Based on the discussions on web scraping in our previous blogs, we believe that the future of web scraping is very promising for the following reasons. First, the permeation of Internet and web technology allows massive amount of data accessible from the web. Since one of the characteristics of “Big Data” is about utilizing both structured and perhaps more importantly unstructured data [1], web scraping is a popular tool in capturing unstructured data on the Internet. In addition, a wide of range of web scraping vendors exist, such as Mozenda and import.io. Individuals can create customized scrapping programs as well by using open source programming languages such as Python, R and Ruby. Start-up companies can use cheap data from the web crawling without significant investment in purchasing external data [2].
Yet, numerous challenges exists in web scraping technology. Since everyone equipped with web scraping skills can crawl information from the Internet, it leads to significant redundancies in web scraping effort, and results in unnecessary waste of man-power. Also, in order to retrieve necessary information from the web, people oftentimes need to crawl extensively but only utilize a small subset of the scrapped content. As such, collaborative scraping could possibly be a future trend – there will be one web crawler engaged in broad scrapping, and therefore other parties can scrape data crawled via an API. Furthermore, although web scraping possess the potential to harvest unstructured data, most techniques still focus on text retrieval instead of multimedia file processing. In addition, from infrastructure perspective, as websites become increasingly complex, it imposes more demands on computers’ processing capacity to perform web scrapping [3].
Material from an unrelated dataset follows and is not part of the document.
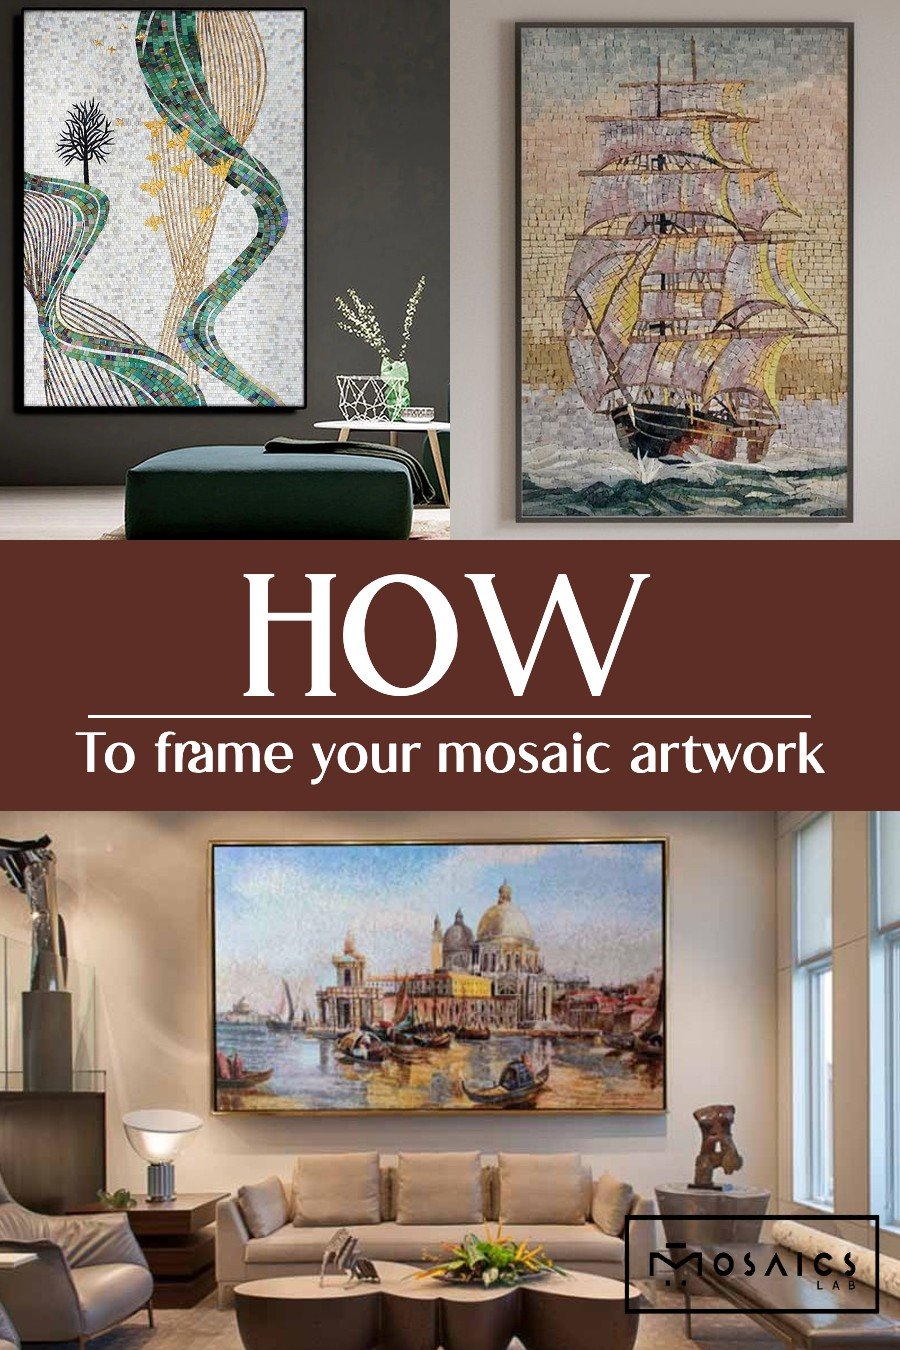 Framed Mosaic Artwork, Mosaic Artwork With A Frame, Mosaic Mural Frame

Web scraping has also led to privacy concerns. For instance, eBay in 2000 filed a lawsuit against a bidding system, which crawled data from eBay website to gain bidding insights. Similarly, a major US airline suited a travel agency for scraping its flight pricing data and providing it to that airline’s competitors. Both examples demonstrate how unintended users are able to take advantages of a company’s business via web scraping, and disrupt its normal business operations. However, most of the web scraping related legal cases indicates that although companies can include “do not scrape” under terms of usage for their websites, this clause alone is not legally effective unless users explicitly agree to the term [2]. If companies can figure out a way to restrict users from web scraping, most likely via a technological solution instead of a legal one, might cause decline in commercial usage of web scrapping.
[1] United Nations Global Pulse. “Big Data for Development: Opportunities & Challenges.” United Nations Global Pulse, May 2012. Web. 18 April 2014. < http://www.unglobalpulse.org/sites/default/files/BigDataforDevelopment-UNGlobalPulseJune2012.pdf>.
[2] Distil. “Is web scraping illegal? Depends on what the meaning of the word is is.” Distil, June 2013. Web. 18 April 2014.
[3] Shestakov, Denis. “Current challenges in web crawling.” 13th International Conference on Web Engineering. August 2013. Web. 18 April 2014. <
http://www.slideshare.net/denshe/icwe13-tutorial-webcrawling>.